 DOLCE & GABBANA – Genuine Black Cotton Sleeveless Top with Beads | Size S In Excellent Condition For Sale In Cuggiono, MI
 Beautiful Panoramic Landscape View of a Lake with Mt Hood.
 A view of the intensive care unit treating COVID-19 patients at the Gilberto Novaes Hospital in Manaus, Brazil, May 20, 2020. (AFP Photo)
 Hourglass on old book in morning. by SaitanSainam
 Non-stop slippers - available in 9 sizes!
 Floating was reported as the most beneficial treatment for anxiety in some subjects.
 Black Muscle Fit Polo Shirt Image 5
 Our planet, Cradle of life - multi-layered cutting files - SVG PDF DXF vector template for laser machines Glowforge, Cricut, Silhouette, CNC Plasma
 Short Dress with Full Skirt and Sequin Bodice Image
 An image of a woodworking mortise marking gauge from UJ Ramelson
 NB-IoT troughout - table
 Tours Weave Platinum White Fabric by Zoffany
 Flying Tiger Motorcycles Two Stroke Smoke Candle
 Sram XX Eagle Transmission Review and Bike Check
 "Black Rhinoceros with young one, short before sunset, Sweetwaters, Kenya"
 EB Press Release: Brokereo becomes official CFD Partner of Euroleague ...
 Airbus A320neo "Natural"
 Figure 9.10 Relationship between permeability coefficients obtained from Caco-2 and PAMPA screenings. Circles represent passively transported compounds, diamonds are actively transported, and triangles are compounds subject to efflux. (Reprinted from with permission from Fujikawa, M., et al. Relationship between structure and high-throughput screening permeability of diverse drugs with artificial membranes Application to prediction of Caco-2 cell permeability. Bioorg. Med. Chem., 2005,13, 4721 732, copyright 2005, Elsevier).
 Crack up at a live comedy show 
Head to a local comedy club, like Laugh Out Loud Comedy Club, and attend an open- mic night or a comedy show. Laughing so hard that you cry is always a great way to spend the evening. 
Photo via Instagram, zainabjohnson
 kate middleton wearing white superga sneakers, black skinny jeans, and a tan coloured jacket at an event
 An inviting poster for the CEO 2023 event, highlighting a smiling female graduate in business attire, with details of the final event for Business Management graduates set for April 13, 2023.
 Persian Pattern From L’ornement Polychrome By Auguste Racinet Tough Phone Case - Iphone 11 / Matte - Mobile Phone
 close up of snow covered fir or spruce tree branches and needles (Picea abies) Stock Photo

◇ ◇ ◇ ◇ ◇

How to complete this task → Look over the records above, and wherever a line contains the string "event", copy that line.

Written solution →
 kate middleton wearing white superga sneakers, black skinny jeans, and a tan coloured jacket at an event
 An inviting poster for the CEO 2023 event, highlighting a smiling female graduate in business attire, with details of the final event for Business Management graduates set for April 13, 2023.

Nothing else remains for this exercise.